Top 5 hours for 'Ask HN' comments
15:00 has average comments of 38.59 per post
02:00 has average comments of 23.81 per post
20:00 has average comments of 21.52 per post
16:00 has average comments of 16.80 per post
21:00 has average comments of 16.01 per post


In [10]:
# calculate the difference in average comments between the highest and the second highest

top1_vs_top2 = round((sorted_result[0][0] - sorted_result[1][0]) / sorted_result[1][0] *100)
print(str(top1_vs_top2) + "%")


62%


The hour that receives the most comments per post on average is `15:00` with an average of 38.59 comments per post. There is about `62%` increase in the number of comments between the hours with the highest and second highest average number of comments.
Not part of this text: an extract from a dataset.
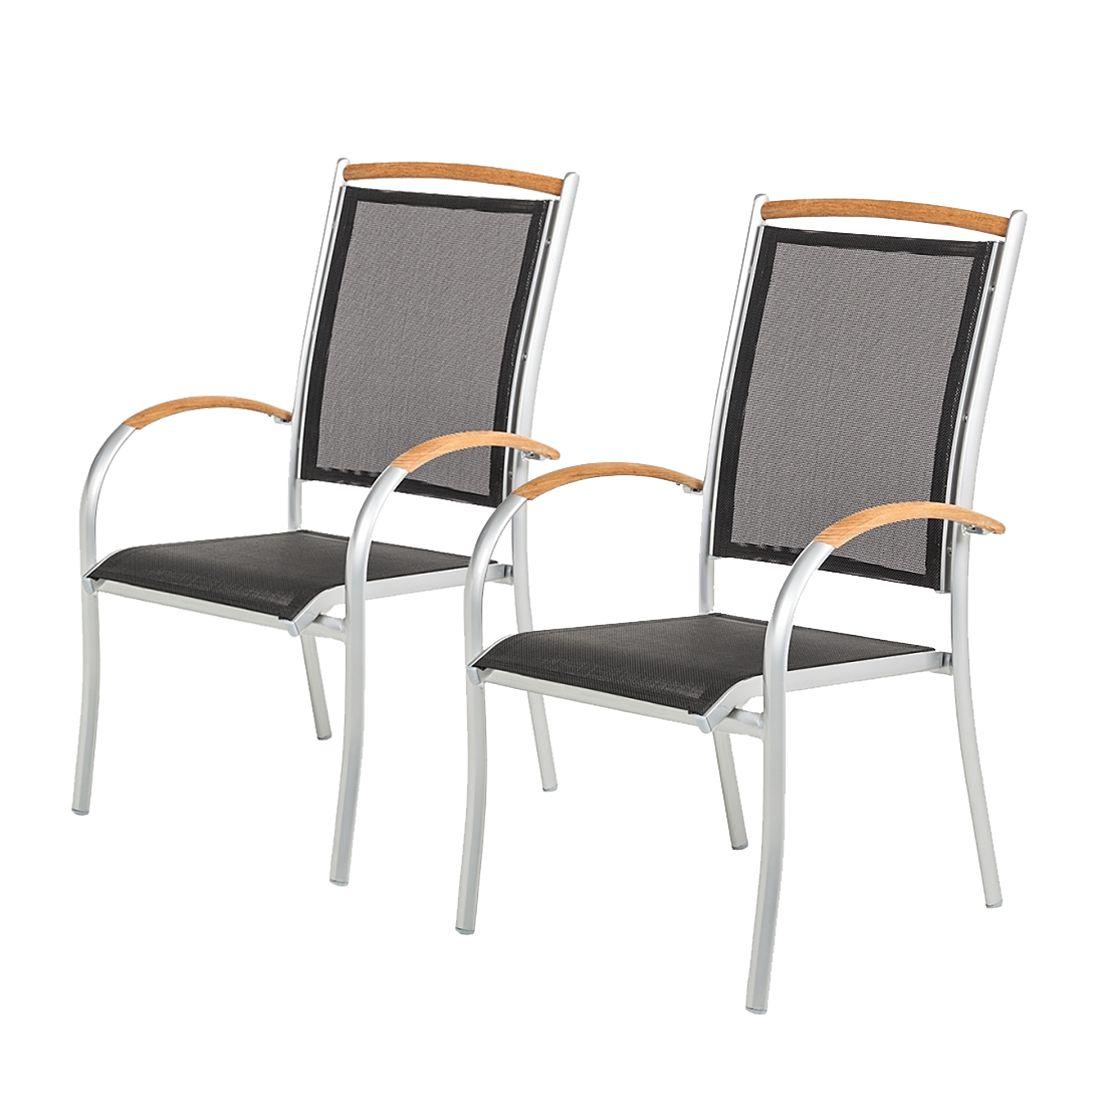 stapelstuhl varu 2er set aluminium silber textil schwarz mehr garten m bel24. Black Bedroom Furniture Sets. Home Design Ideas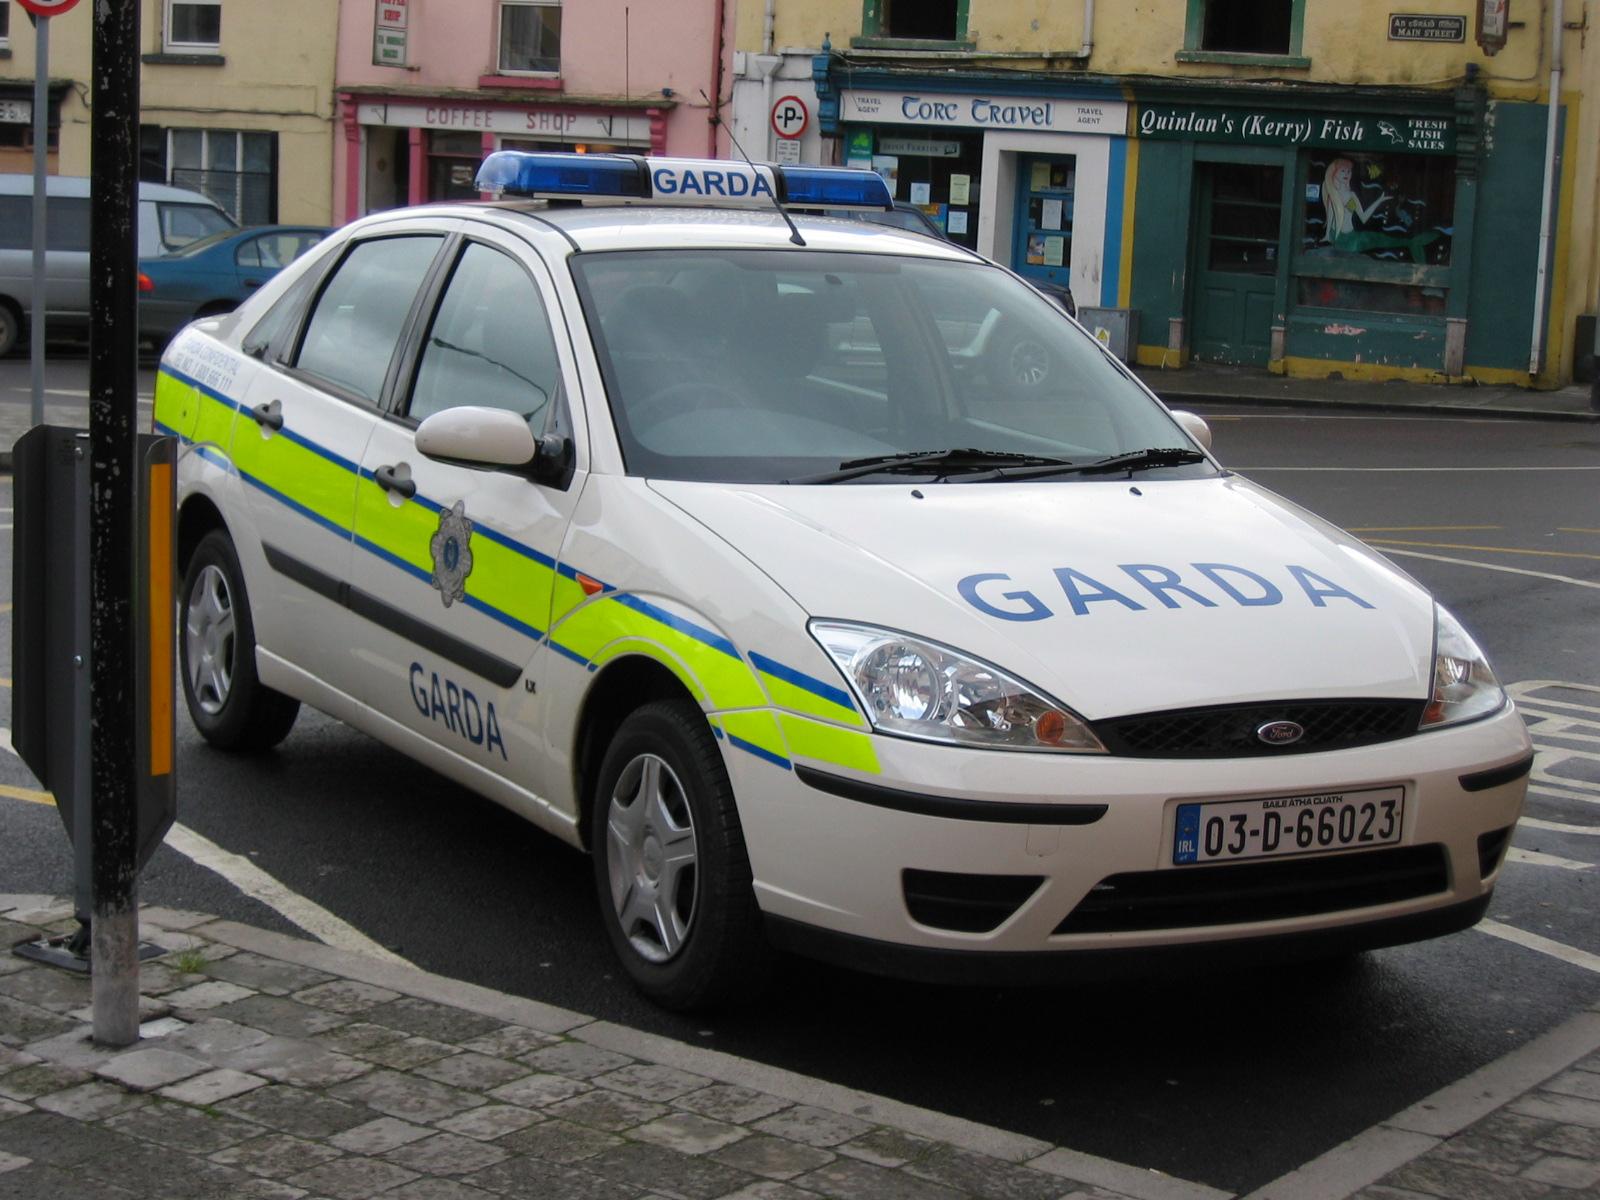 Descrizione Garda car.jpg

According to the data set [documentation](https://www.kaggle.com/hacker-news/hacker-news-posts/home), the timezone used is Eastern Time in the US. so we could also say 15:00 as 3:00 pm est.

## Conclusion

In this project, we analyzed ask posts and show posts to determine which type of post and time receive the most comment on average. Based on the analysis above, to maximise the amount of comments a post can receive, we'd recommend the post be categorised as ask post and posted between `15:00 and 16:00 (3:00 pm est - 4:00 pm est)`

It should be noted that the data set we analyzed excluded posts without any comments. Given that, it's more accurate to say that ***'of the posts that received comments'***, ask posts received more comments on average and ask posts created around 15:00 (3:00 pm est) received the most comments on average.